1. How often do you just let go, create freely, and inevitably make a mess? (It doesn't have to be a literal, physical mess, with paint and glue everywhere. If your main creative outlets are writing, or digital images, or gardening, or sketching, think about what the equivalent to this might be.)
2. What's the best thing about making a mess? How has it led to new avenues and breakthroughs in the past that you wouldn't have found if your work was always tightly controlled?

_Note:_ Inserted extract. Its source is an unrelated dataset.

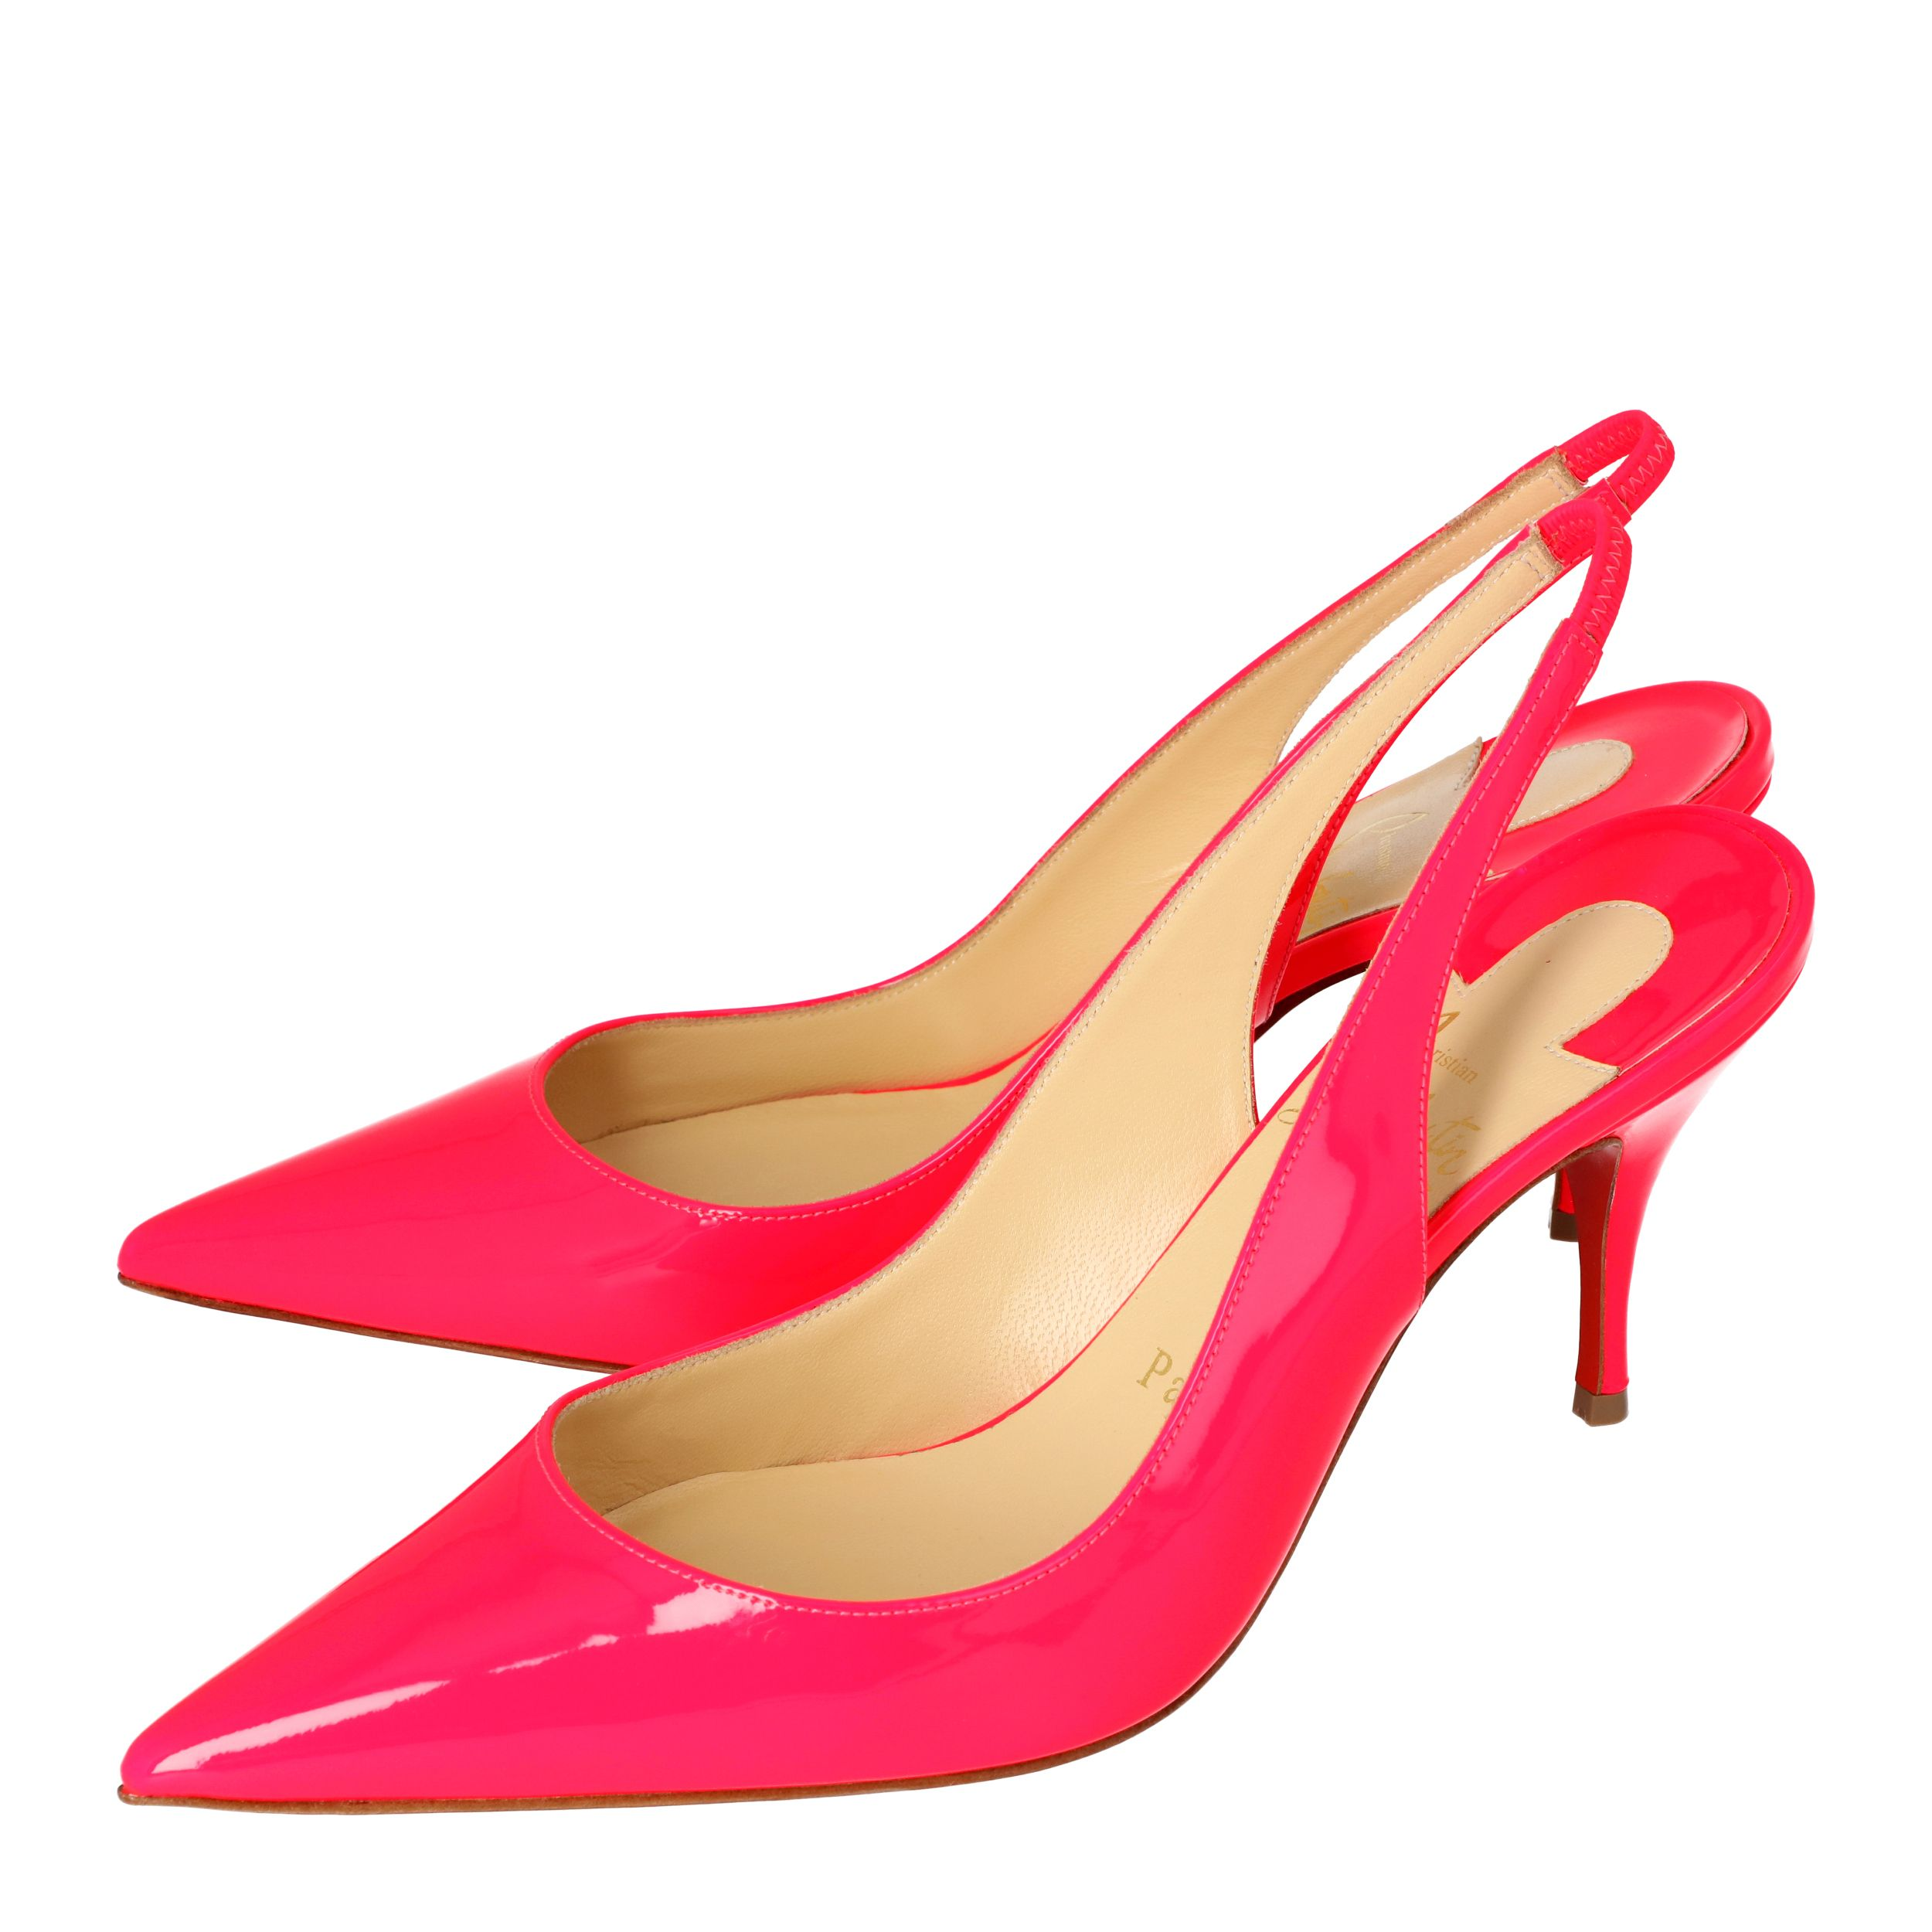 Christian Louboutin Pink Patent Leather

3. What stops you from making a mess more often?
Look forward to hearing your views. Feel free to share pictures of messes too! (That's not me in the photo above).
Dan
[image credit: Robert S Donovan]
Tags:
1. How often do you just let go, create freely, and inevitably make a mess? Every time I go up to my studio, I make a mess. That's part of the game. Before I start a project, I clean up everything, put the glue, scissors, paint and other supplies where they belong, empty the trash can, sweep the floor, and make space on my table. Then, as I get busy and into my project, I know where my stuff is and I can create without having to look for things (because that's a sure way to break the flow as I look for things and start to feel progressively more frustrated). Then everything gets all upside down but once I'm well into my creating, it doesn't matter - because I'm in the flow. And I'm lucky to have my own space where I close the door and leave the mess as is and come back to it when I'm ready to continue to create or I'm ready to clean it up.

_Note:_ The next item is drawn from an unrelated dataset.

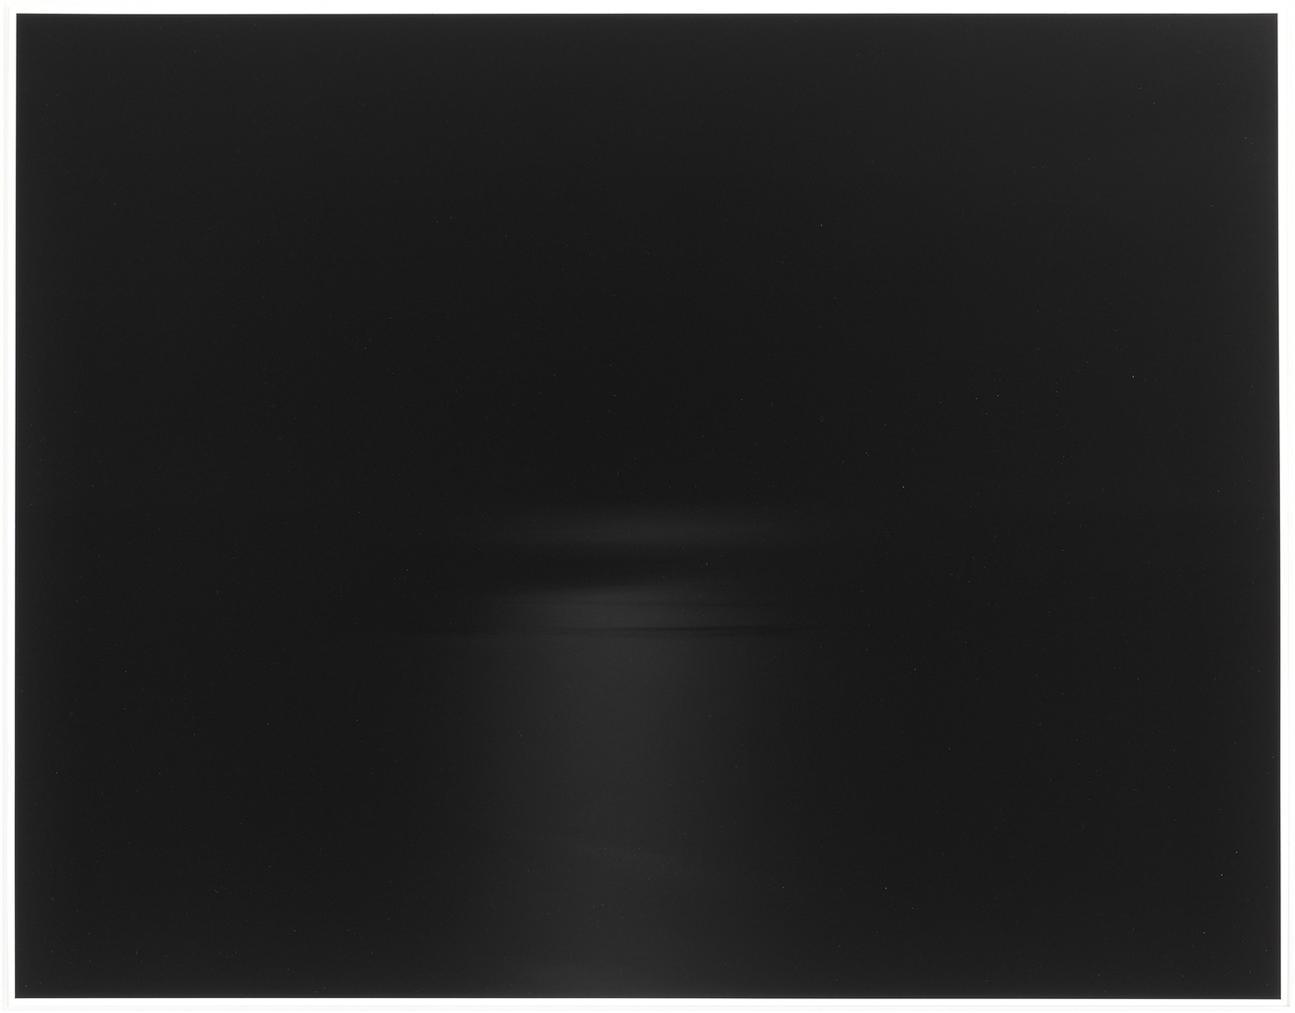 Hiroshi Sugimoto-Ionian Sea Iv, Santa Cesarea (Night)-1993

2. What's the best thing about making a mess? It's just part of the process, if one is constantly preoccupied with keeping everything clean, all that energy goes in the wrong direction. The left brain is trying to control the messy, happy, risk taking, fun loving, explorer, adventurer, child-like artist from the right-brain side. It reminds me of the little kids who lived next door when I was a child. Their mother sent them out to play dressed up in pretty dresses and white shoes and they were supposed to come back home still clean and with their shoes still white - How on earth can you have fun and stay clean at the same time? My brother and I had play clothes and old sneakers and it didn't matter if we came back full of mud. We just undressed at the door and go straight into the bathtub and voilà! And we had a great time. While we were having fun buiding sandcastles, the little girls would watch us play.... same thing as we tumbled down the grass hill in the summer. You have to decide whether you want to be squeeky clean and spotless and eternally frustrated or get dirty and have fun!
3. What stops you from making a mess more often? Nothing stops me from making a mess! I'm a real champion at that and because I have lots of room to create in - in fact between my husband and I - our whole house is like a big studio where we can make a mess. The house is far from spotless but we're not looking to win any House Beautiful contest! Anything that cramps my style, I avoid. And if there is a choice between cleaning the oven and going up to my studio because I feel inspired, there is no contest! the oven can wait. And anyway when I get rich I'll get a housekeeper, a cook and a gardener and I can just spend all my days romping about and stopping only when it's time to eat or go to bed (funny, that sounds exactly like what I did from the ages 0 to six!)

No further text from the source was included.